Tomorrow, he would figure out how to smash that broken high-dimensional chessboard.
Everything was arranged clearly.
Then—deep in his mind, the master-servant contract line between him and the Dragon Girl suddenly shuddered.
It was not broken.
It was being interfered with.
The signal was still there, but the images transmitted back were like they were behind a layer of water mist, blurry, intermittent, skipping frame by frame.
Jiang Feng's hand, stuck in the void, froze in mid-air.
He closed his eyes, pouring all his spiritual attributes into the contract line, forcibly piercing through the interference layer.
The image flashed.
Above Blue Star.
On the outer wall of the Taixu Samsara Barrier he had personally laid down—a layer of extremely faint, gray-white patterns was crawling upward.

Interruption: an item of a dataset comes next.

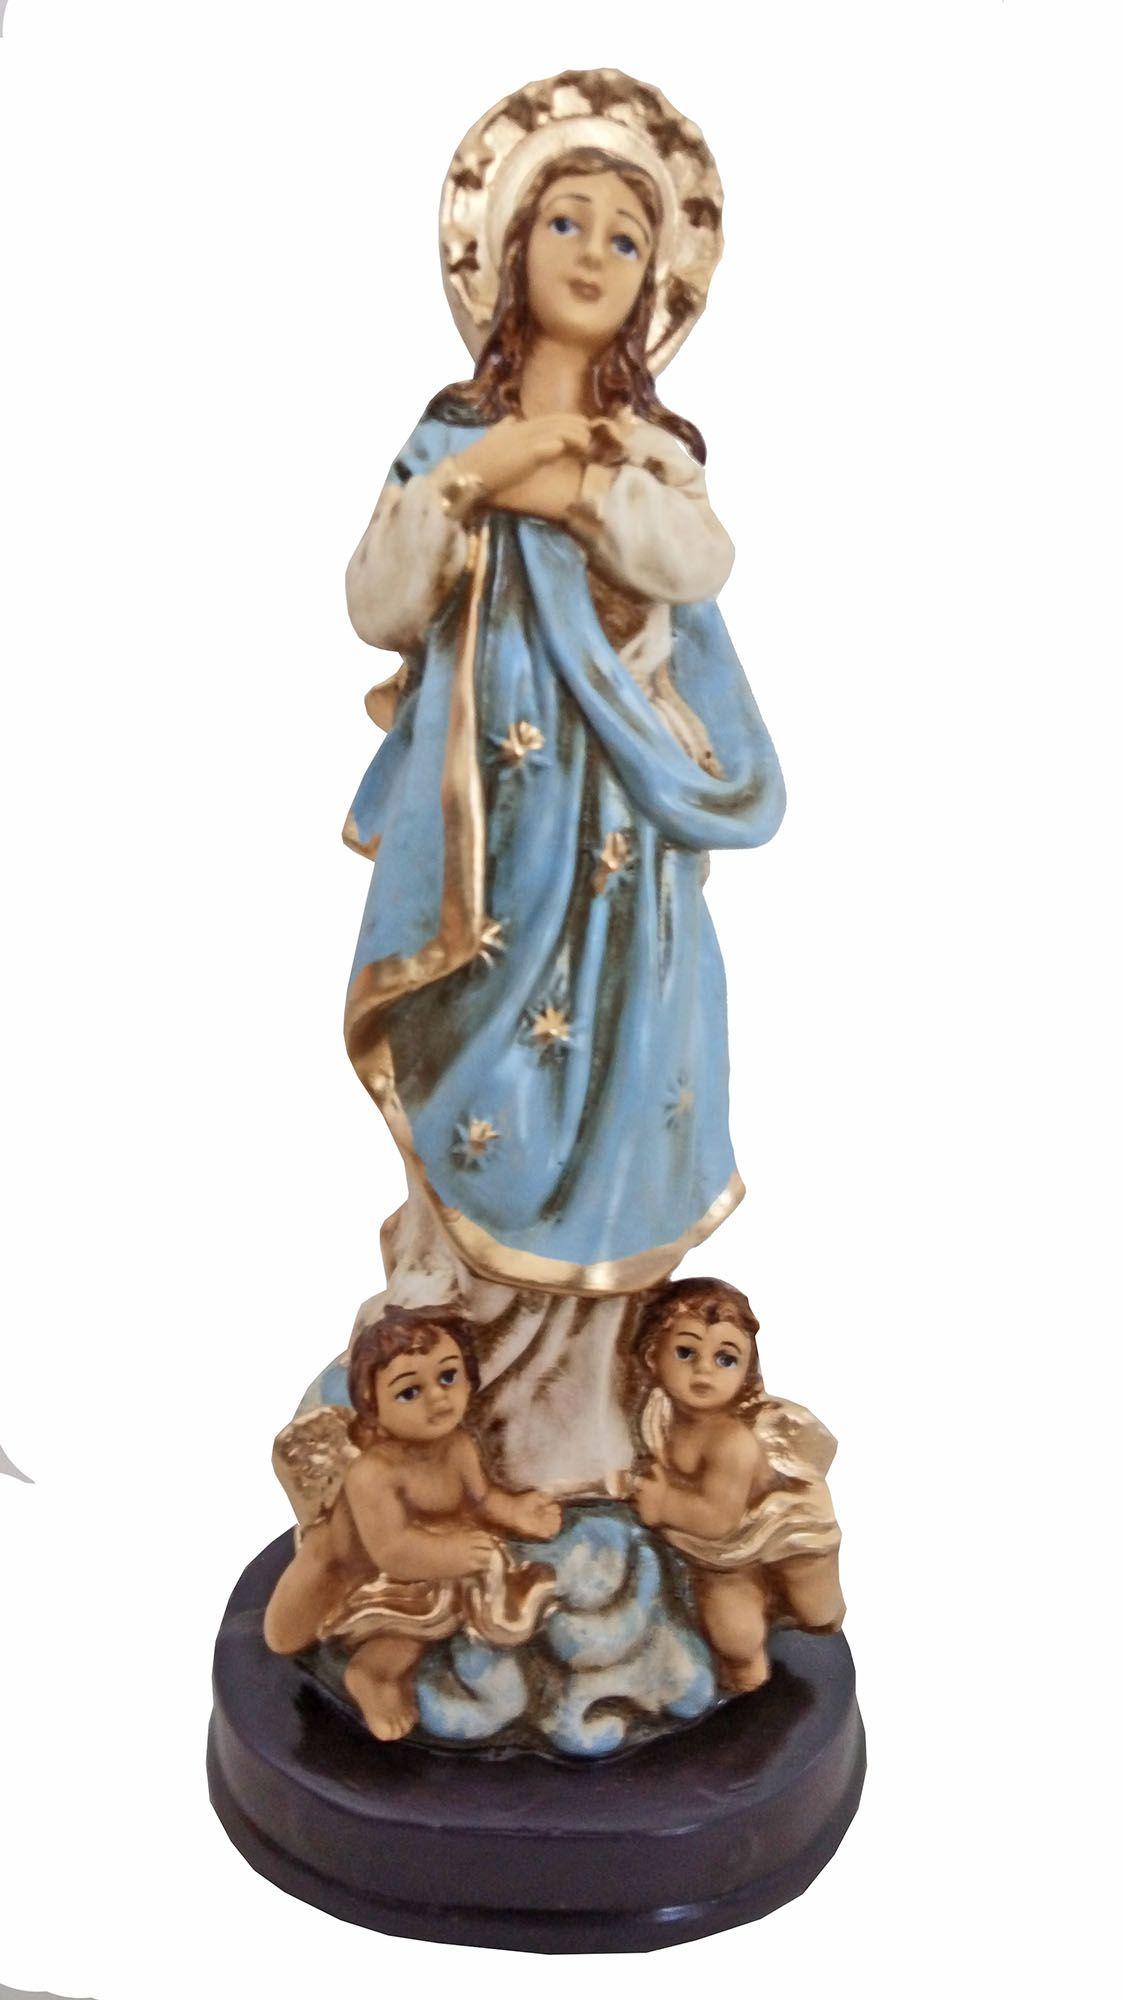 Nossa Senhora da Conceição - 020 cm

There were no signs of attack.
No fluctuations of energy impact.
The patterns spread silently along the surface of the barrier, like frost in deep winter crawling up a windowpane.
Quietly.
Slowly.
Not carrying a shred of killing intent.
But Jiang Feng only glanced at it, and the hairs on his back stood up.
The structure of that pattern.
It was exactly the same as the mark in the depths of Xuanji's origin.
Jiang Feng opened his eyes.
In his dark golden double pupils, all indifference, all casualness, all lightheartedness—in this instant, had completely faded away.
What remained was only one thing.
Killing intent.
Killing intent so pure it did not contain a single grain of impurity.
"Touch my family..."
His voice was ethereal, yet it shattered the endless void.
Venerable Xuan.
You are dead.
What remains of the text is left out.